◆ **TASK TO COMPLETE**
Copy each line, word for word, from the one with "Fama Josephine 3" through the final line of the listing, but skip the pictures.

◆ **GIVEN DATA**

##############################

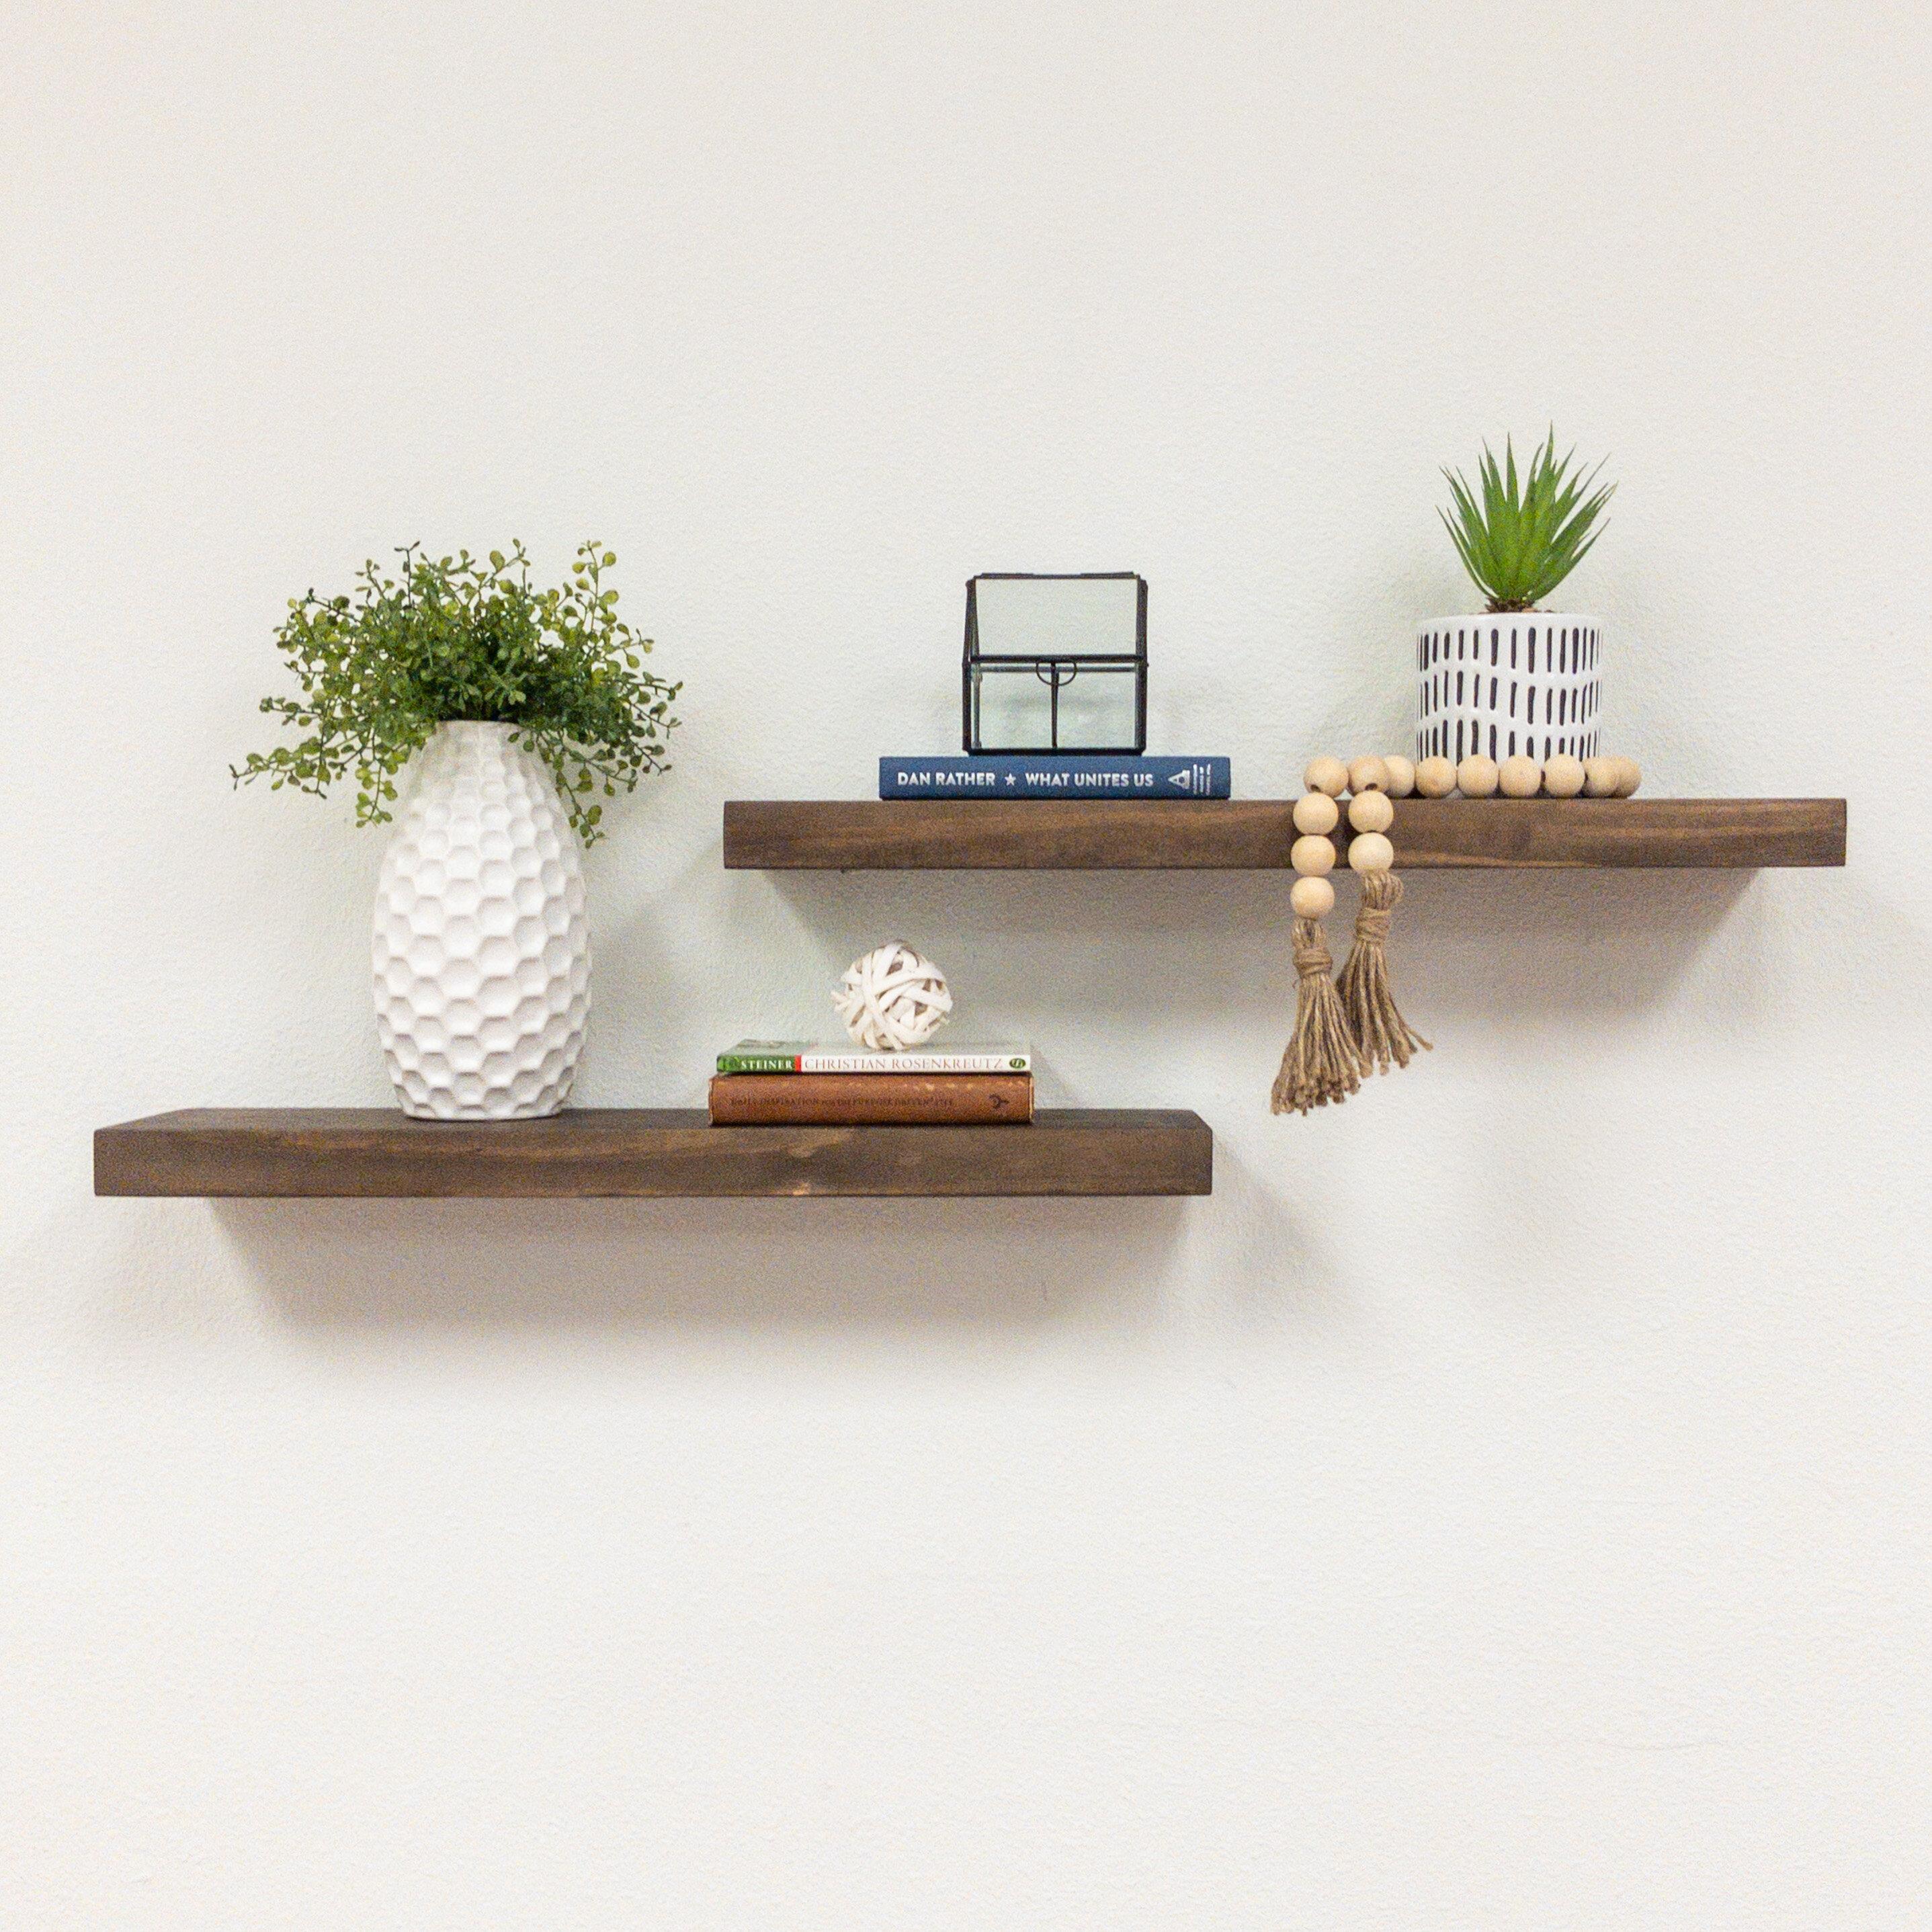 Evonne 2 Piece Pine Solid Wood Floating Shelf Reviews Birch Lane
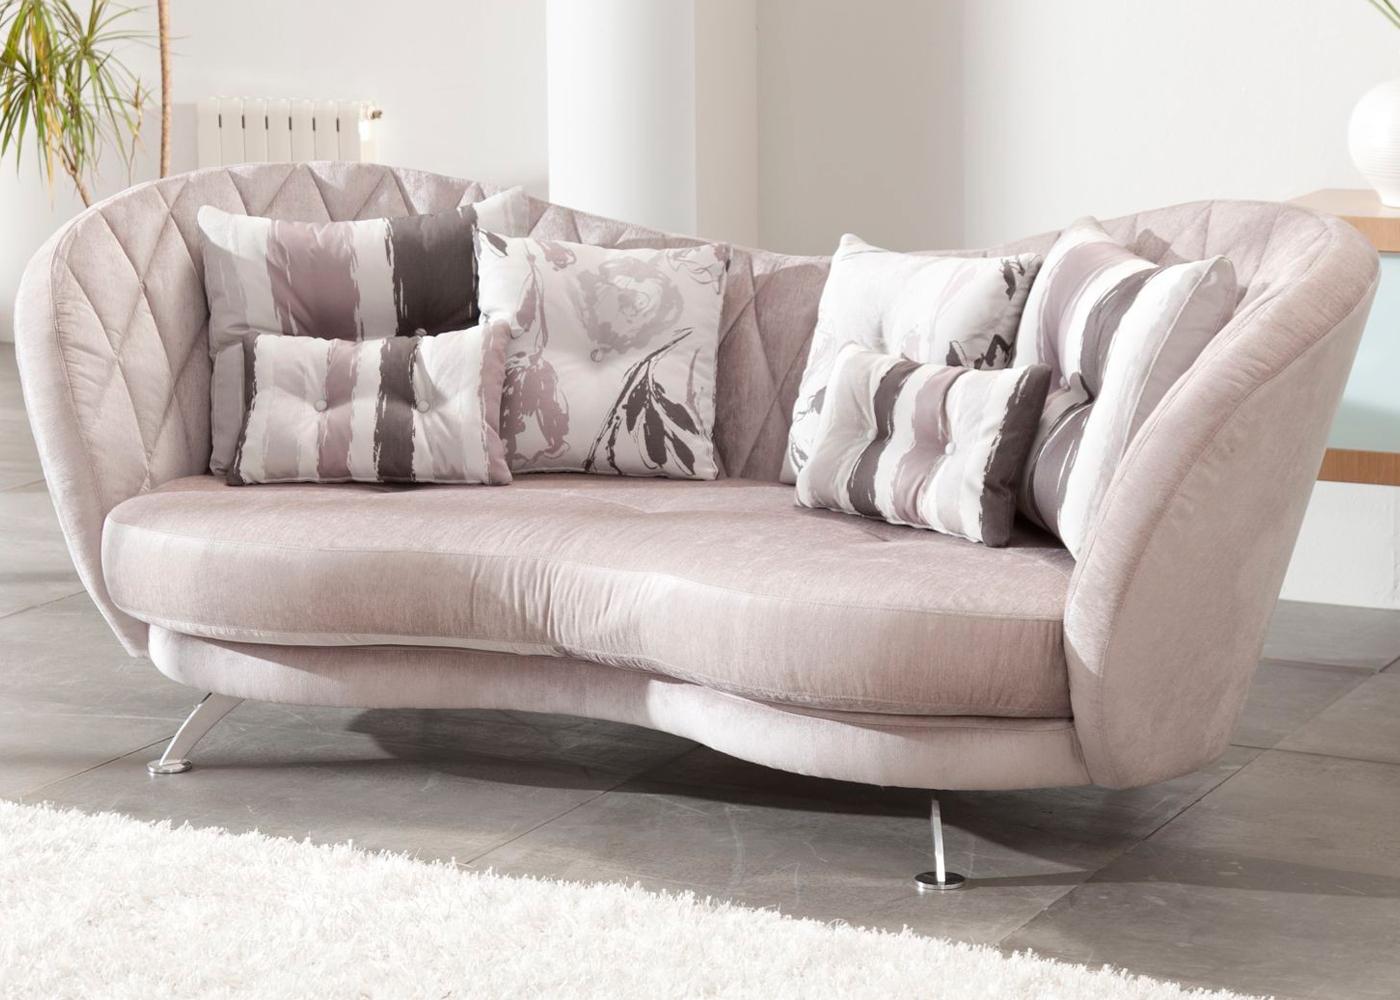 Fama Josephine 3 – Midfurn Furniture Superstore Inside Josephine Sofa Chairs (Image 2 of 25)
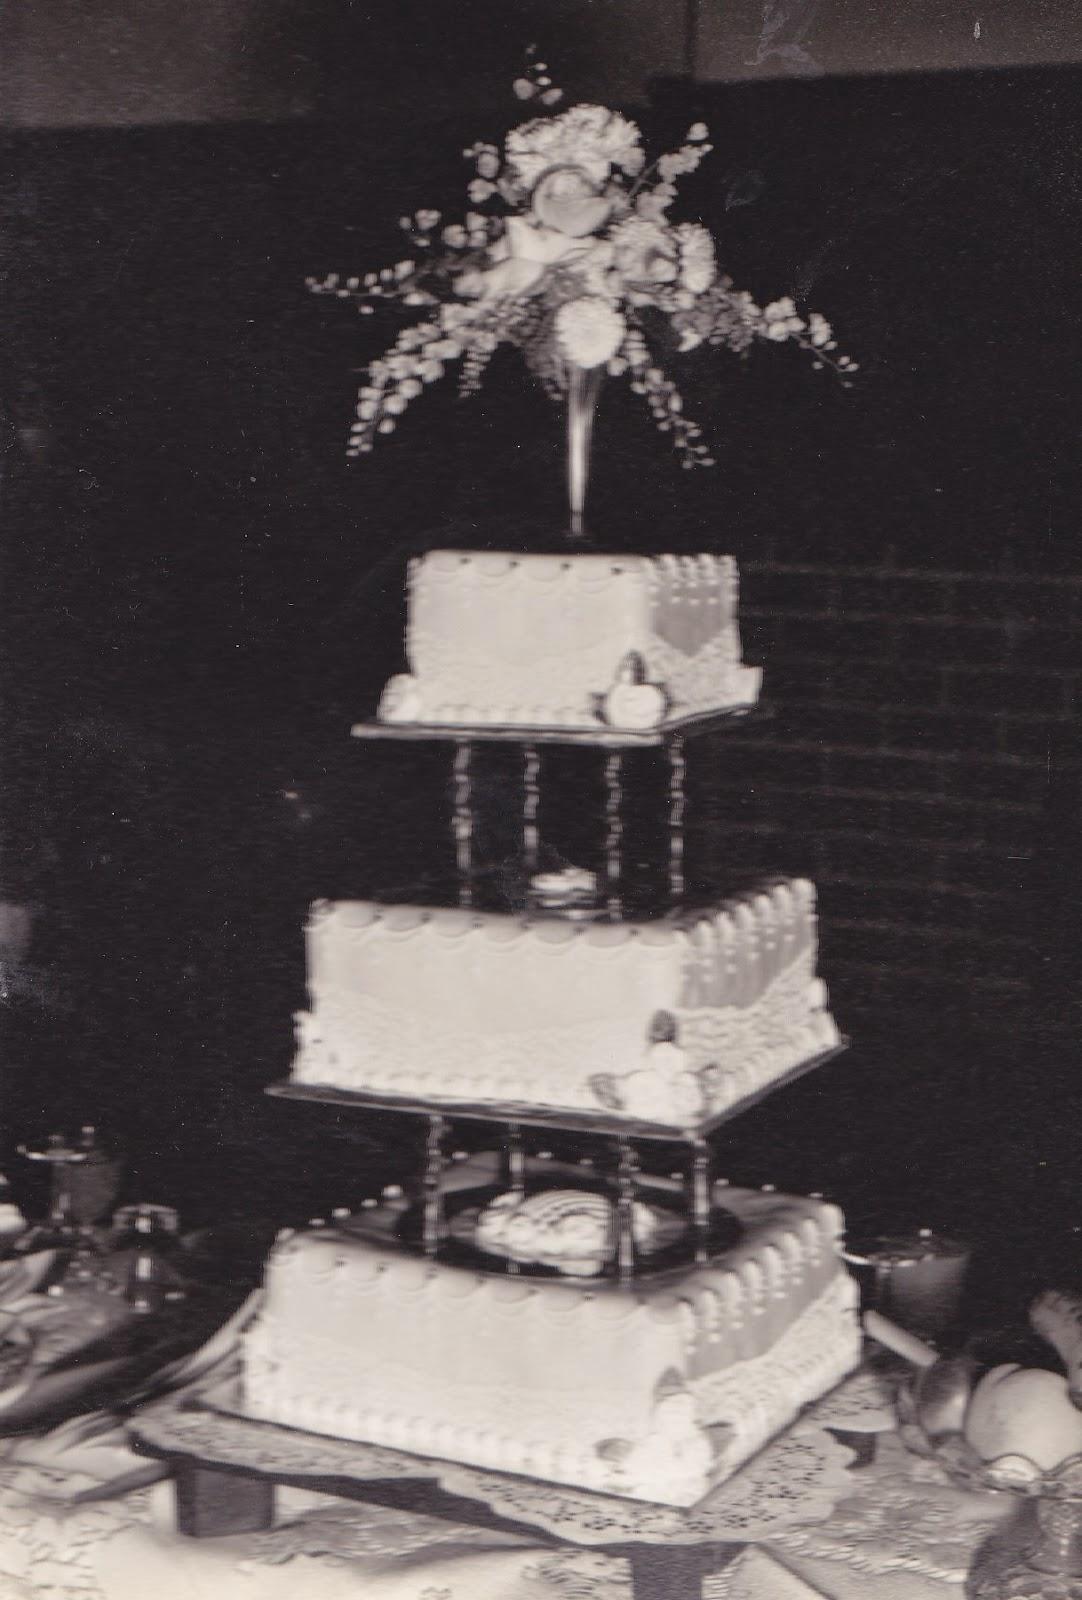 My Wedding Cake 1967

##############################

◆ **SOLUTION TO THE EXERCISE**
 Fama Josephine 3 – Midfurn Furniture Superstore Inside Josephine Sofa Chairs (Image 2 of 25)
 My Wedding Cake 1967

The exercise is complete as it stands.